DFID spends £250m yearly on gender equality programmes
•Says Nigeria’s real GDP per capital growth could be higher
•As SheTrade plans to connect 200,000 women owned business in Nigeria by 2021
The Department For International Development (DFID), said it invests £250 million yearly for the promotion of programmes anchored on gender equality, because it is golden, the Deputy Head of the DFID Office in Nigeria, John Primrose, has said.
He said: “Gender equality is a golden thread through the British Government’s work in Nigeria, including DFID Nigeria’s £250 million spent in this country, whether for humanitarian work in the North East on health, education, governance and of course, economic development.”
He explained that the ‘Propcom” programmes of the Department is aimed at increasing the income of over 120,000 women, out of the 500,000 rural entrepreneurs and smallholder farmers in Norther Nigeria, establish trade links between women involved in crop marketing and private sector exporters without compromising high quality products.
Primrose hinted this yesterday, in a goodwill message at a two-day SheTrade Policy Dialogue for Women-owned Businesses and Public Procurement in Nigeria, holding in Abuja.

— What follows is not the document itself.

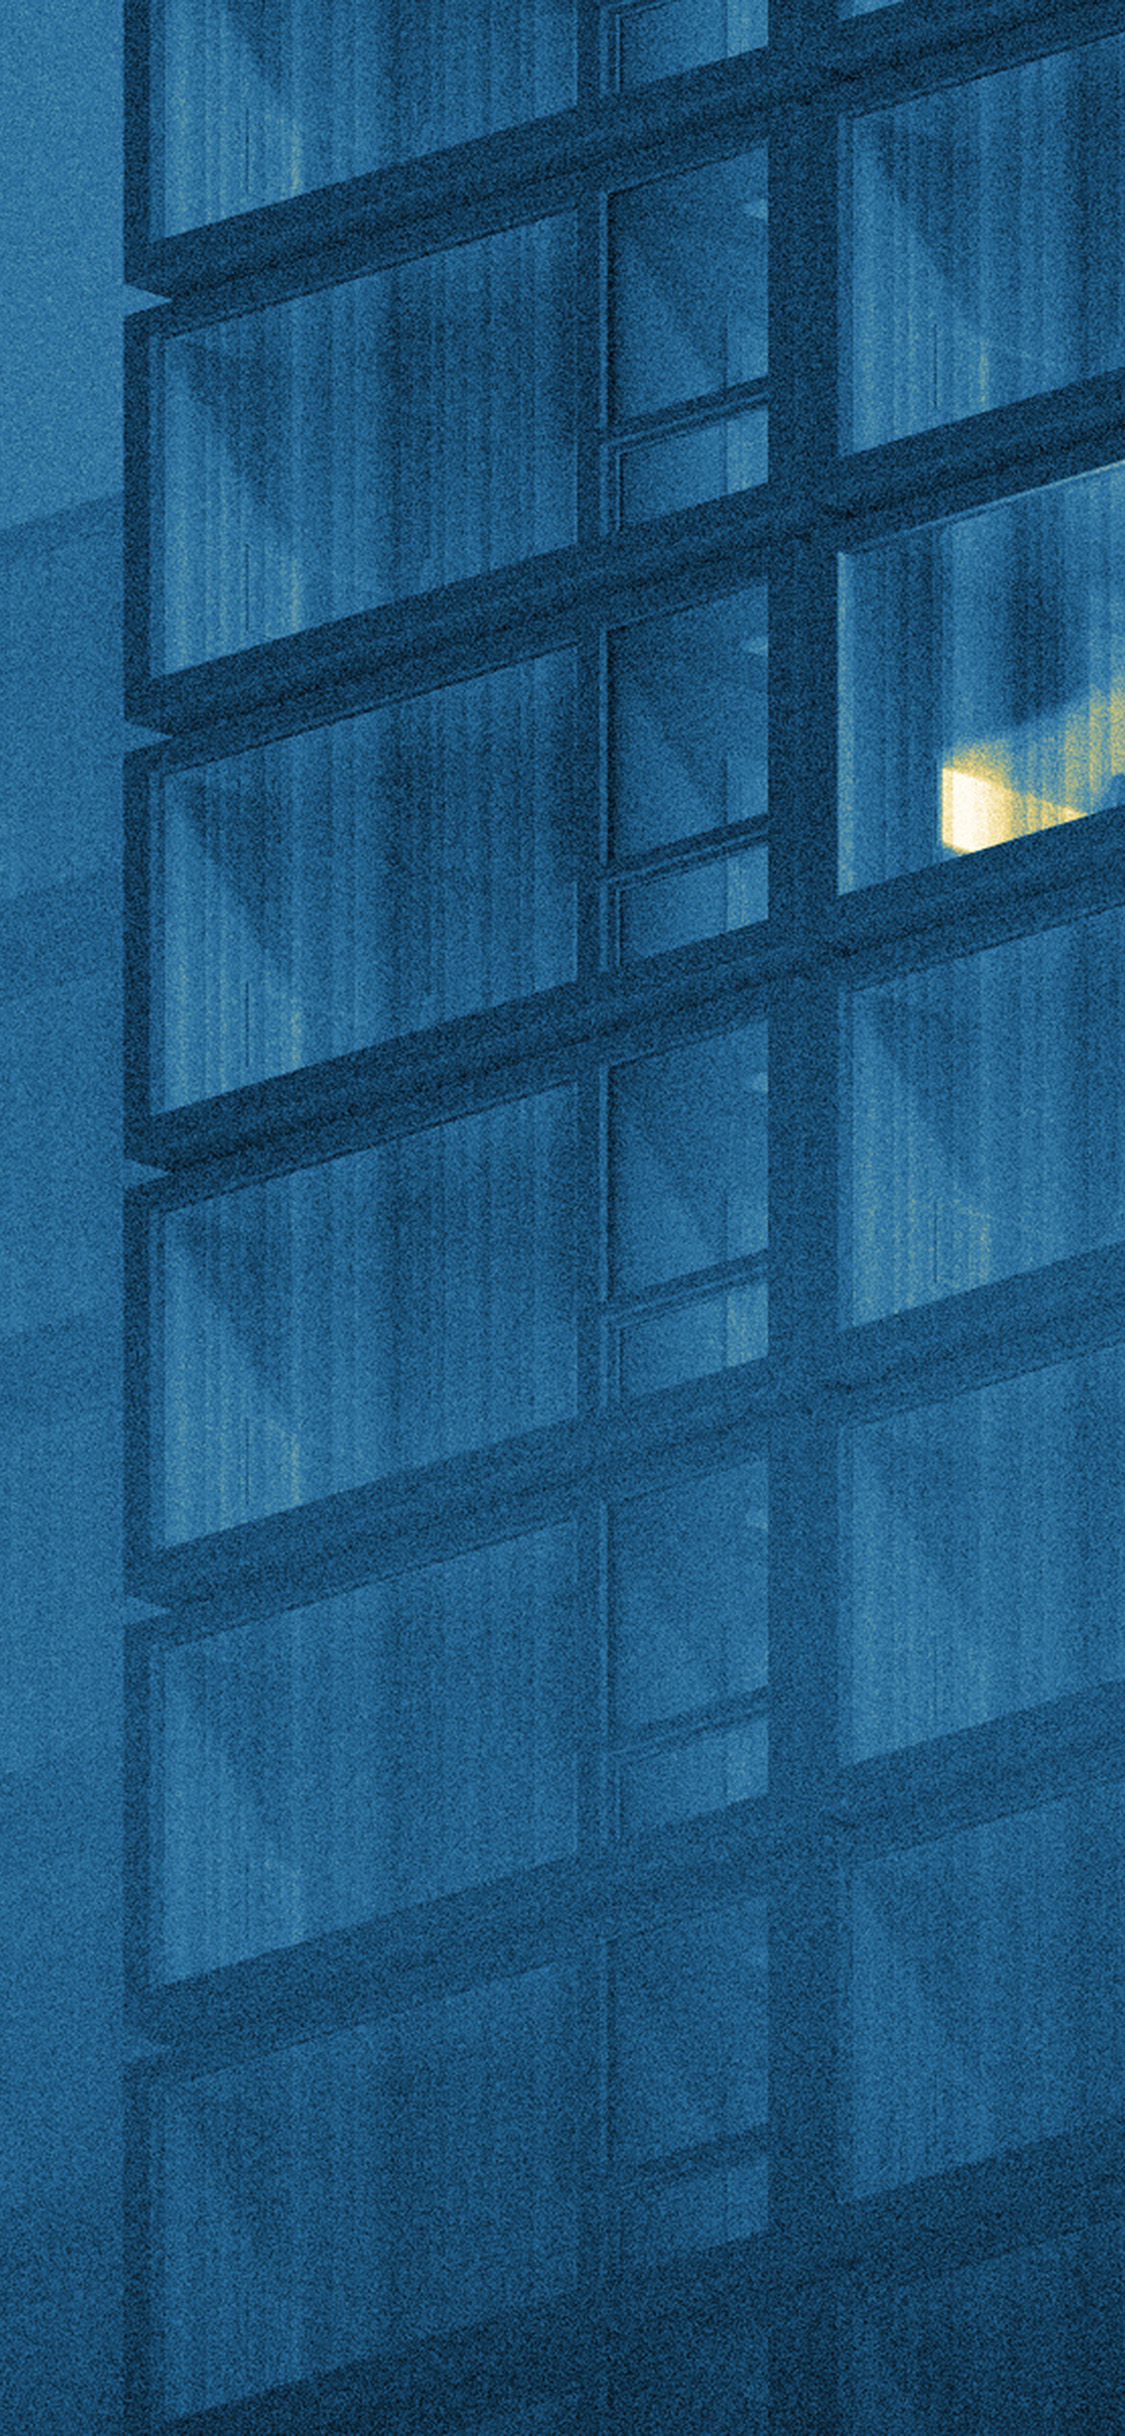 iPhonexpapers.com-Apple-iPhone-wallpaper-bk54-art-blue-night-office-illust
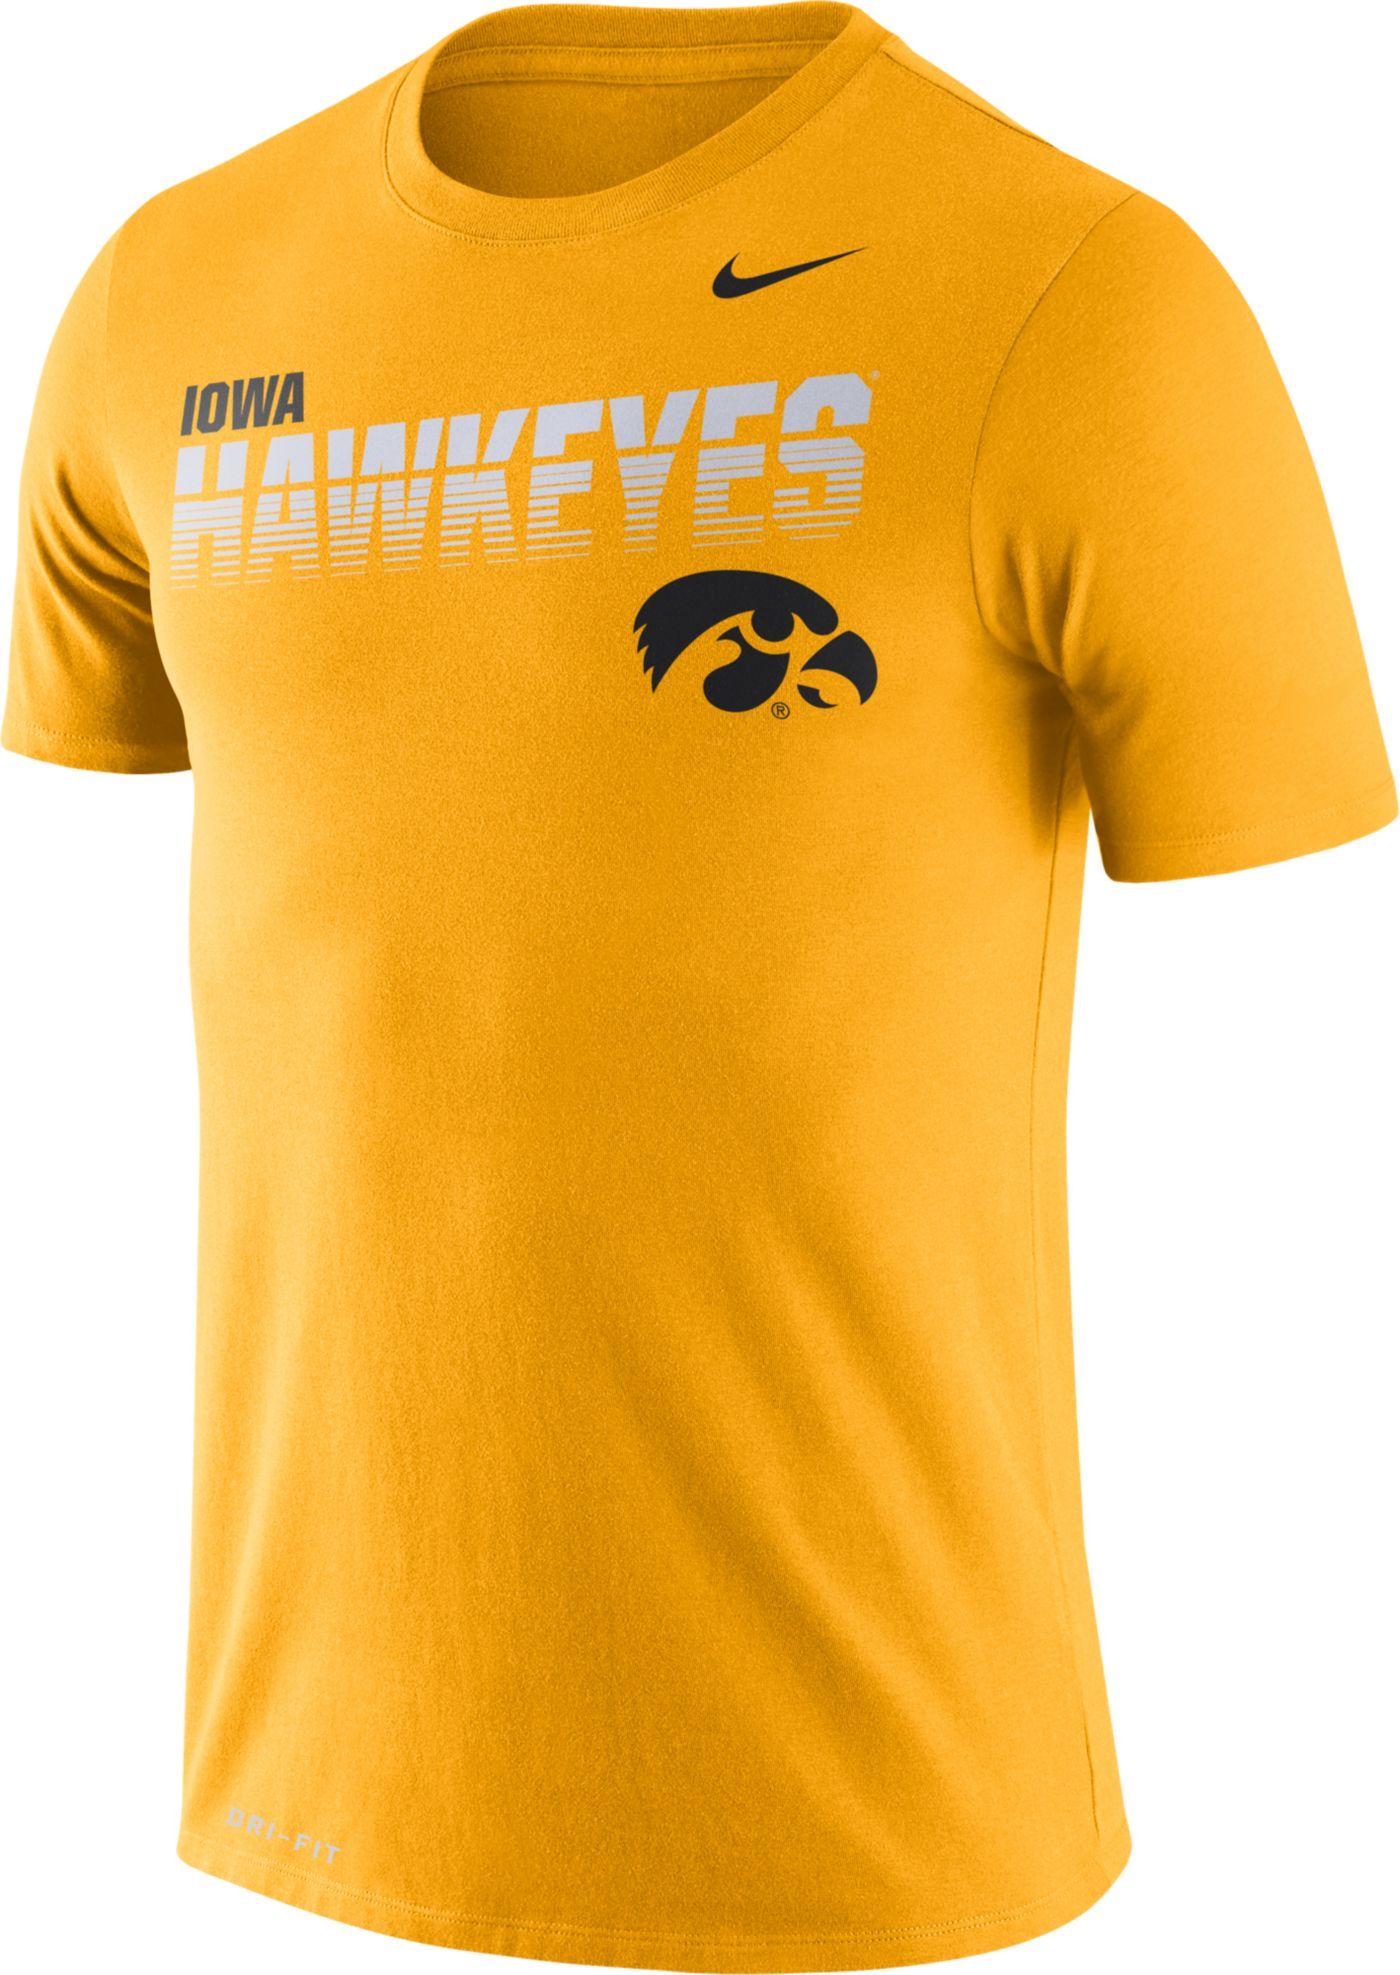 Nike Men's Iowa Hawkeyes Gold Legend Football Sideline T-Shirt

He noted that at the Ccommonwealth Heads of Government Meeting in April 2013, the United Kingdom announced its ambition for a gender-responsive trade policy – “She Trades Commonwealth”, stressing that the programme endeavours to make long-lasting impact to train women entrepreneurs to fully navigate and overcome gender-related trade barriers.
”She Trade has delivered significant progress since its launch in April 2018; it has supported the creation of over 2,0000 jobs, generated £18 million sales for businesses run by female entrepreneurs, among others.“
Besides, Primrose argued that Nigeria’s real Gross Domestic Product (GDP) per capital growth could be higher by 1¼ percentage point yearly, if gender inequality is reduced to that of peers in the region, adding that of particular interest is trade, as decreasing gender inequality can also help boost economic diversification.
In a welcome address, the Executive Director/Chief Executive Officer, Nigerian Export Promotion Council (NEPC), Olusegun Awaolowo, said the SheTrade programme has encouraged women entrepreneurs to register and make their businesses visible on the platform, leveraging trade as a channel for economic empowerment.
Awolowo said: ”The aim is to connect 200,000 women-owned businesses in Nigeria to international markets, as part of the broader UN-Goal of connecting three million women by 2021.”
According to him, the initiatives equally offer a blue print of seven global actions including public procurement, to unlock markets for women as well as a digital platform for women entrepreneurs to connect to buyers, investors and new markets.
Awolowo, represented by the NEPC Director, Policy and Strategy, Evelyn Obidike, said: ”I wish to testify that the projects which are still on going until May 2020, are very successful in Nigeria, and we appreciate the ITC immensely, after organising a kick-off workshop in Lagos, in June 2018, ShetTrades Commonwealth has focused on delivering results for SMEs owned by women in textiles,
Agriculture – Shea, Spices, and cashew, IT and Business Process Outsourcing.”
In a brief remark, the Minister of State, Ministry of Industry, Trade and Investment, Ambassador Maryam `Katagun, said as a signatory to the Beijing Declaration and Platform for Action of 1995, Nigeria is committed to gender responsive Procurement and Strategies, to ensure that women have equal access to jobs and contracts.